Menurut PT. Indexim Utama (2011), jumlah jenis pohon yang berhasil diidentifikasi pada saat pelaksanaan IHMB adalah 102 jenis pohon dengan rincian, yaitu: (1) jenis meranti dipterocarpaceae sebanyak 10 jenis pohon dan jenis meranti non dipterocarpaceae sebanyak 5 jenis pohon; (2) jenis rimba campuran sebanyak 76 jenis pohon; (3) jenis kayu indah sebanyak 5 jenis pohon; dan (4) jenis kayu dilindungi sebanyak 6 jenis pohon. Sedangkan jenis pohon yang dimanfaatkan oleh PT. Indexim Utama sebanyak 18 jenis pohon. Jenis- jenis yang dominan di areal PT. Indexim Utama antara lain meranti (Shorea sp.), keruing (Dipterocarpus sp.), biwan, bangkirai (Shorea teysmani), kapur (Dryobalanops abnormis), dan balau (Shorea guiso).

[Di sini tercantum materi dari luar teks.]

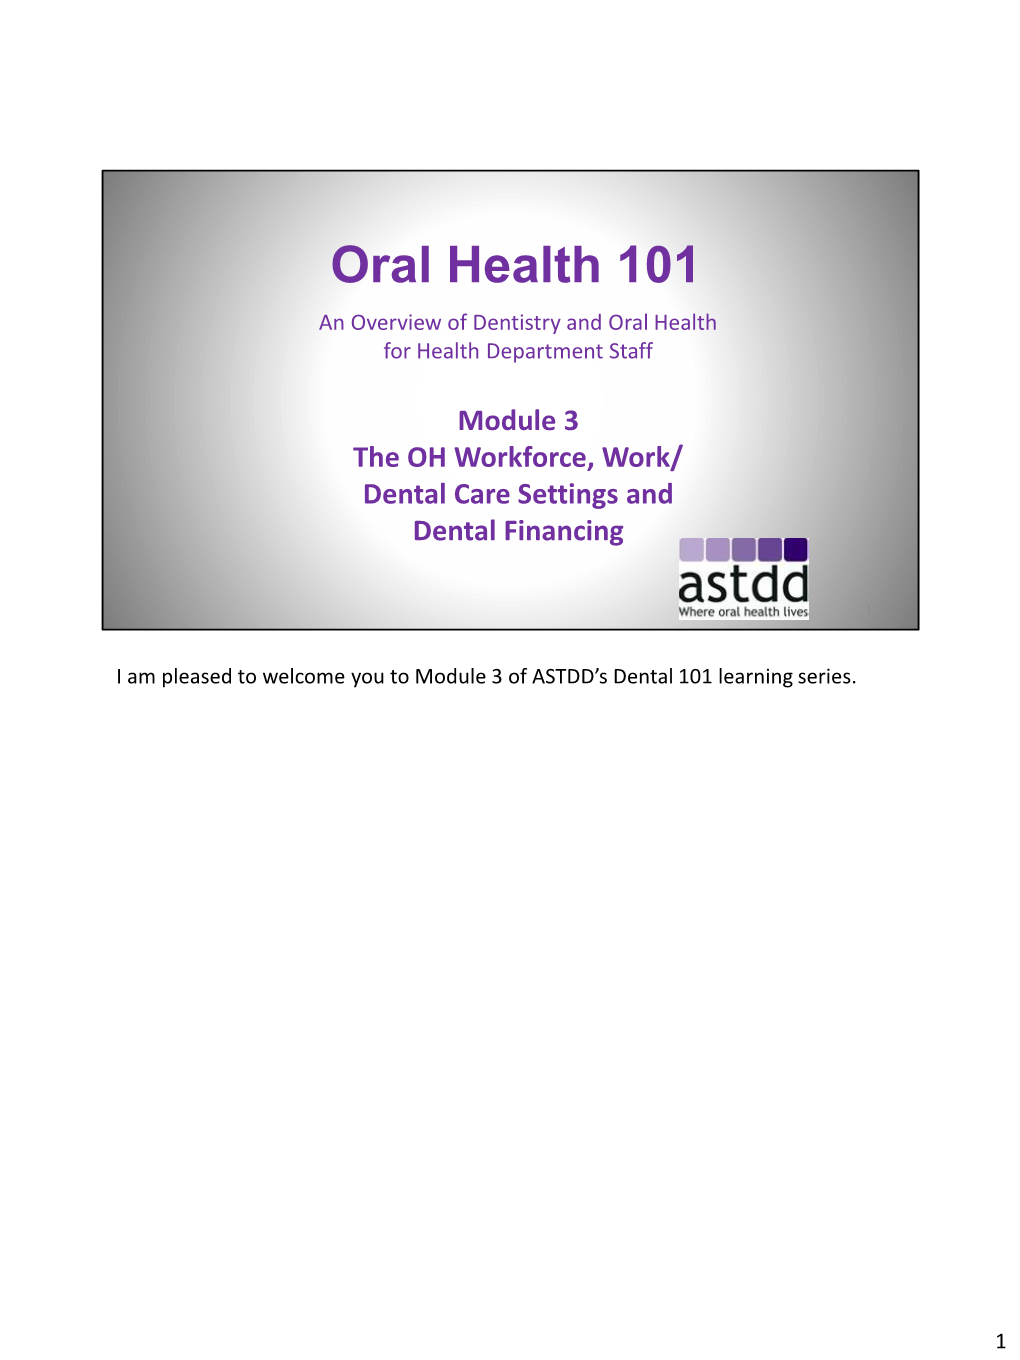 Oral Health 101 an Overview of Dentistry and Oral Health for Health Department Staff

Selanjutnya menurut PT. Indexim Utama (2011), berdasarkan survei IHMB dalam rangka penyusunan RKUPHHK-HA diperoleh data rata-rata perkiraan potensi tegakan per hektar untuk keseluruhan jenis pohon, yaitu: diameter 10-19 cm sebesar 45,57 m3/ha (N = 401,12 batang/ha), diameter 20-39 cm sebesar 64,82 m3/ha (N = 131,43 batang/ha), diameter 40-49 cm sebesar 22,43

m3/ha (N = 13,61 batang/ha), diameter ≥ 40 cm sebesar 119,36 m3/ha (N = 33,15 batang/ha), dan diameter ≥ 50 cm sebesar 96,93 m3/ha (N = 19,54 batang/ha). Untuk jenis-jenis yang dapat dipanen, mempunyai potensi tegakan, yaitu: diameter 10-19 cm sebesar 18,94 m3/ha (N = 166,99 batang/ha), diameter 20-39 cm sebesar 30,99 m3/ha (N = 61,37 batang/ha), diameter 40-49 cm sebesar 10,50 m3/ha (N=6,35 batang/ha), diameter ≥ 40 cm sebesar 72,82m3/ha (N=18,20 batang/ha), dan diameter ≥ 50 cm sebesar 62,32 m3/ha (N=11,85 batang/ha).

BAB V

HASIL DAN PEMBAHASAN

5.1 Pelaksanaan Pemanenan IUPHHK PT. Indexim Utama

Pemanenan hasil hutan merupakan rangkaian kegiatan untuk mempersiapkan dan memindahkan kayu dari hutan ke tempat pengolahan atau penggunaannya. Sistem pemanenan yang dilakukan di PT. Indexim Utama adalah sistem pemanenan secara mekanis artinya semua kegiatan yang dilaksanakan dengan menggunakan bantuan mesin. Kegiatan pemanenan kayu terdapat empat komponen utama, yaitu: penebangan (felling), penyaradan (skidding), muat bongkar (loading dan unloading), dan pengangkutan (hauling).

Kegiatan penebangan merupakan salah satu mata rantai dalam kegiatan pemanenan kayu yang mempunyai peranan yang sangat penting. Kegiatan ini merupakan awal kegiatan yang menentukan kualitas dan tingkat pemanfaatan kayu. Kegiatan penebangan kayu di PT. Indexim Utama dilakukan dengan menggunakan gergaji rantai (chainsaw) dengan merk Sthil 070. Status pemilikan gergaji ini merupakan milik dari penebang. Sistem kerja yang diterapkan bersifat borongan dengan pembayaran berdasarkan kubikasi. Dalam pelaksanaan di lapangan, kegiatan penebangan pada setiap petak tebang dilakukan secara beregu. Dalam setiap regu tebang terdiri dari dua orang, seorang operator dan seorang

helper. Untuk setiap petak tebang dikerjakan oleh satu regu tebang dengan satu regu sarad dan satu regu kupas.